Obwohl Billy erst sechs Jahre alt war, hatte er gründlich gelernt, sich zu verteidigen. Und Eileen, die mit zwei Söhnen und drei Brüdern zurechtkommen musste, geriet ordentlich ins Schleudern. Am Ende konnte man nicht genau sagen, wer die Schlacht gewonnen hatte. Beide gingen mit Blessuren daraus hervor, und der Fernsehsessel war verloren.

Das war das Ende von Billy. Er verschwand bei den Psychos in der Irrenanstalt von Elgin – eine Geschichte, die im Haushalt der Familie Baker gern erzählt wurde. Ich bekam dabei stets eine Gänsehaut und fragte mich, was wohl aus Billy geworden war. Eines wusste ich jedenfalls: Ich wollte dort niemals landen – bei den Psychos in Elgin.

Nach dem Desaster mit Billy entschieden die Bakers, ein Mädchen zu sich zu nehmen. Die waren doch wohl fügsamer und nicht so wild, so mutmaßten sie. Also versuchten sie es mit mir.

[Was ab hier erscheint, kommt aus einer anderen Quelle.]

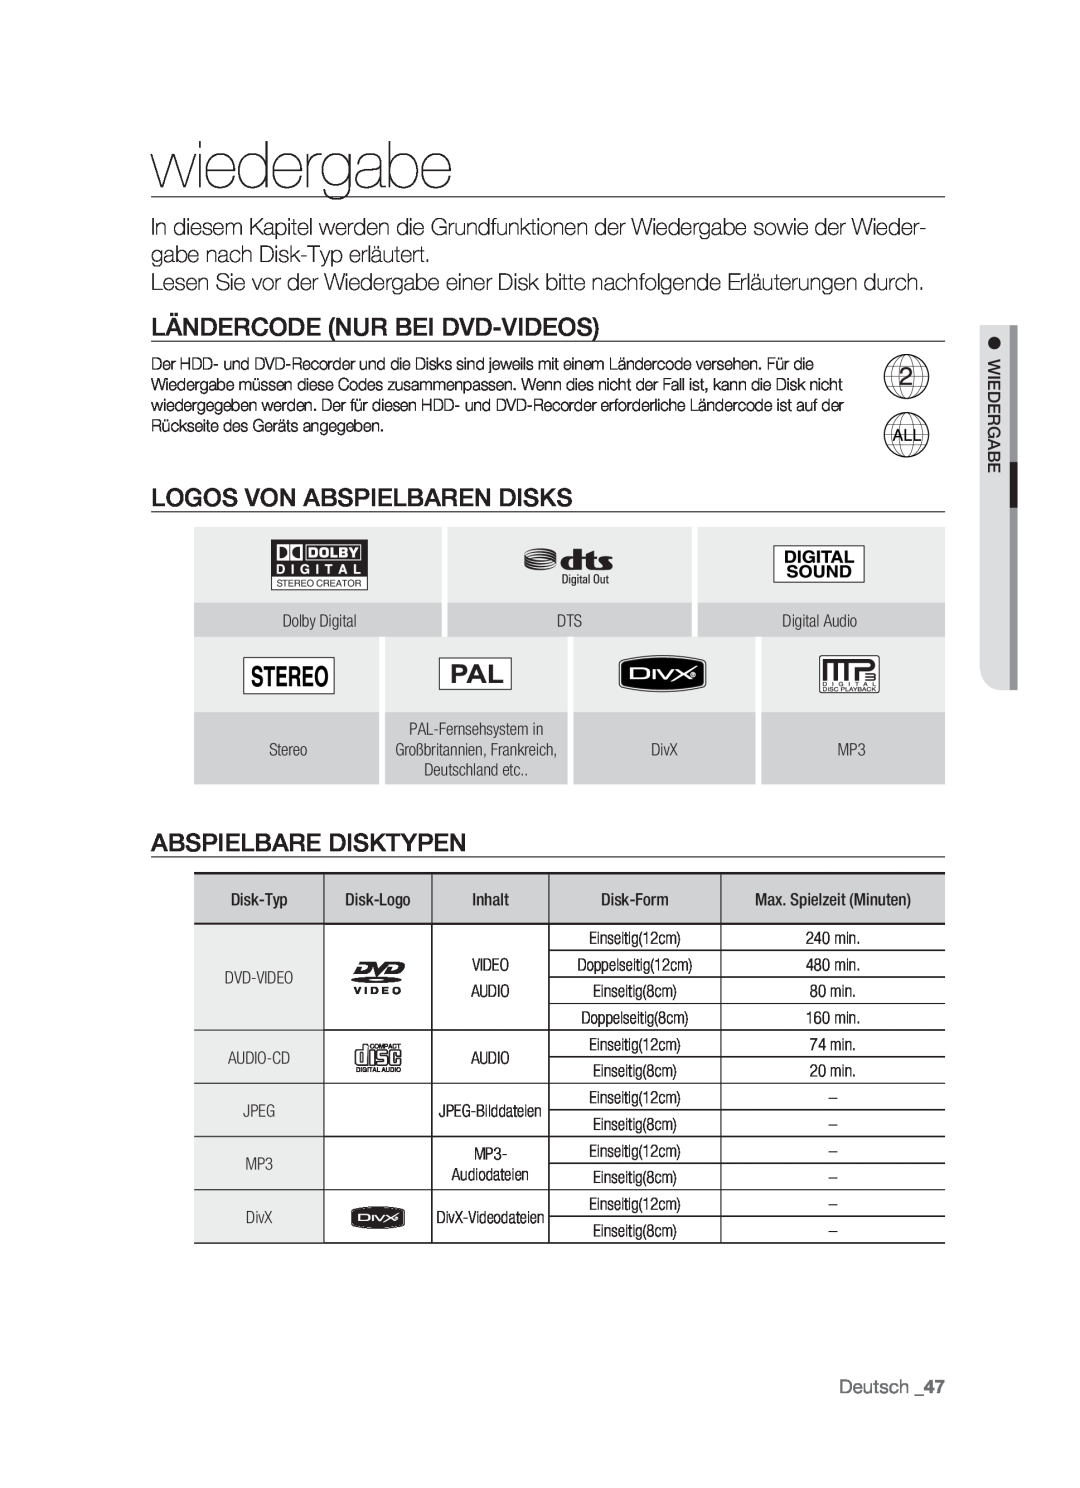 Samsung DVD-HR773/AUS manual wiedergabe, Ländercode Nur Bei Dvd-Videos, Logos Von Abspielbaren Disks, Abspielbare Disktypen

Meine Name ist Rachel Adrian. Ich war vier Jahre alt, als ich zu den Bakers kam und glaubte eine lange Zeit, sie wären meine Familie.

Die meisten Menschen haben Erinnerungen an ihre früheste Kindheit, an Spielsachen und Kuscheltiere, an Kosenamen und Lieblingsspeisen oder den Geruch eines Haustieres. Doch bei mir war es anders. Es gab rein gar nichts. Keine Ahnung, kein Gefühl, nichts Verschwommenes. Als hätte ich vorher nicht existiert. Auch die ersten Tage in meiner Pflegefamilie sind mir vollkommen entfallen. Ich weiß nicht, wie ich dort ankam, wie sie sich vorstellten, wie ich das Haus kennenlernte. Ich schätze, ich war am Anfang verschüchtert und traurig. Vielleicht weinte ich auch. So könnte man meinen.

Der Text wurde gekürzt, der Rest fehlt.